PROJET. Une association écologiste a été déboutée par la cour administrative d'appel de Nantes dans le dossier de la construction d'une centrale au gaz à Landivisiau, dans le Finistère. Les opposants ne comptent toutefois pas s'arrêter là et envisagent désormais de saisir le Conseil d'Etat.

La centrale au gaz de Landivisiau, dans le Finistère, est bel et bien dans les tuyaux. Ce 19 juillet 2019, la cour administrative d'appel de Nantes a rejeté la demande d'une association écologiste baptisée Force 5, d'annuler un arrêté ministériel de 2013 autorisant la construction du complexe.
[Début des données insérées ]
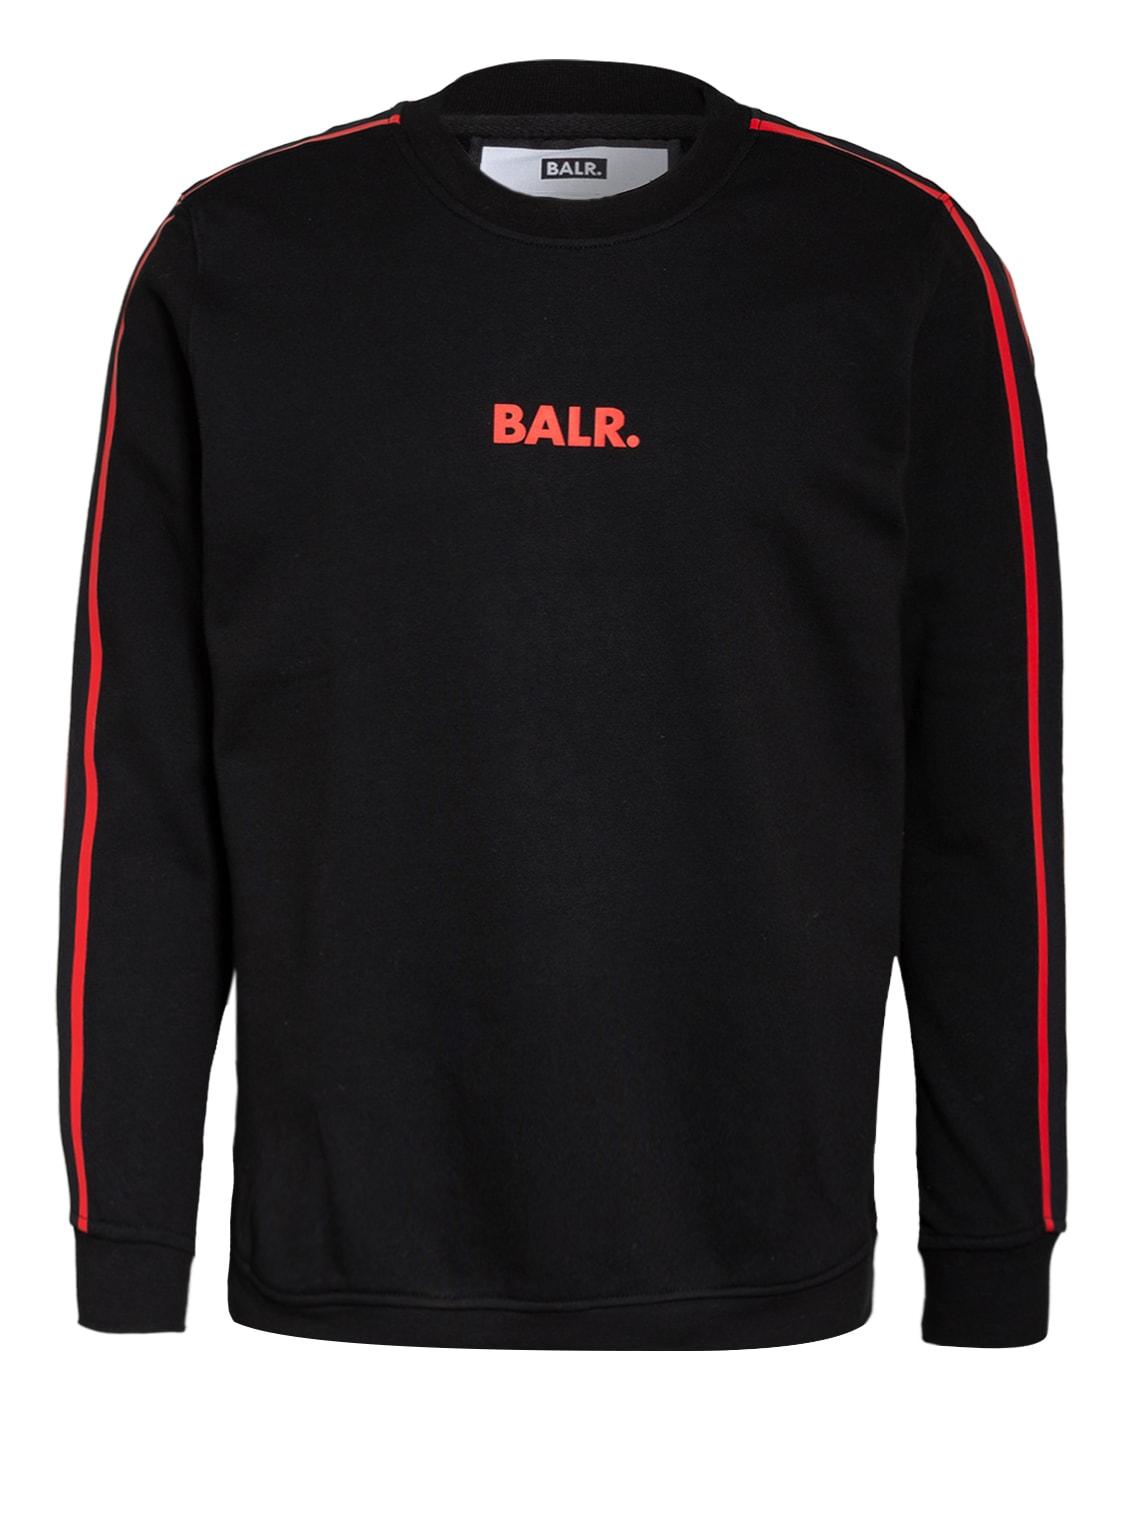 Image of Balr. Sweatshirt schwarz

Dans une copie de l'arrêt judiciaire obtenue par l'AFP, la cour indique effectivement que "la demande de l'association Force 5 et le surplus des conclusions de sa requête sont rejetés", précisant que l'arrêt en question "n'est pas entaché d'une erreur d'appréciation en ce qui concerne la protection de l'environnement".

 

Pour autant, les opposants à la construction de cette centrale ne comptent pas désarmer. "La prochaine étape, c'est un recours devant le Conseil d'État", a rétorqué Catherine Kerautret de l'association Force 5. Son organisation tente d'obtenir l'annulation de l'arrêté ministériel daté du 10 janvier 2013, qui autorise l'entreprise Direct Energie (groupe Total) à exploiter une centrale de production d'électricité sur le territoire de cette commune bretonne d'environ 9.000 habitants. Les militants écologistes affirment notamment que le projet est "inutile" et "coûteux", et que l'escargot de Quimper, une espèce protégée, serait en danger si le chantier devait se concrétiser sur le site retenu.

 

La question de l'approvisionnement énergétique de la région Bretagne reste posée

 

Mais l'édification d'une telle installation s'inscrit en réalité dans une logique d'approvisionnement régional en électricité : la Bretagne est dépourvue de centrales nucléaires, et ne produit qu'environ 10 à 15% du courant qui y est réellement consommé, l'obligeant par conséquent à importer l'essentiel de sa consommation des régions voisines. C'est donc pour remédier à cette situation que le Pacte électrique breton avait été conclu en 2010, prévoyant de nouvelles sources de production d'électricité, dont la fameuse centrale de Landivisiau et sa capacité de 400 MW, un projet porté par Direct Energie et dont la construction serait assurée par Siemens.

 

Embourbé dans une bataille juridique dont le présent évènement est un nouveau rebondissement, le projet a pris beaucoup de retard, étant donné que la centrale devait à l'origine être mise en service durant l'hiver 2016-2017. Ses détracteurs se rendent régulièrement sur le site du chantier depuis la fin du mois de janvier 2019 pour y manifester, et ont empêché à plusieurs reprises les ouvriers de travailler. Une nouvelle manifestation est d'ailleurs programmée le 29 juillet prochain, en présence du député européen Europe Ecologie-Les Verts Yannick Jadot, selon l'association Force 5.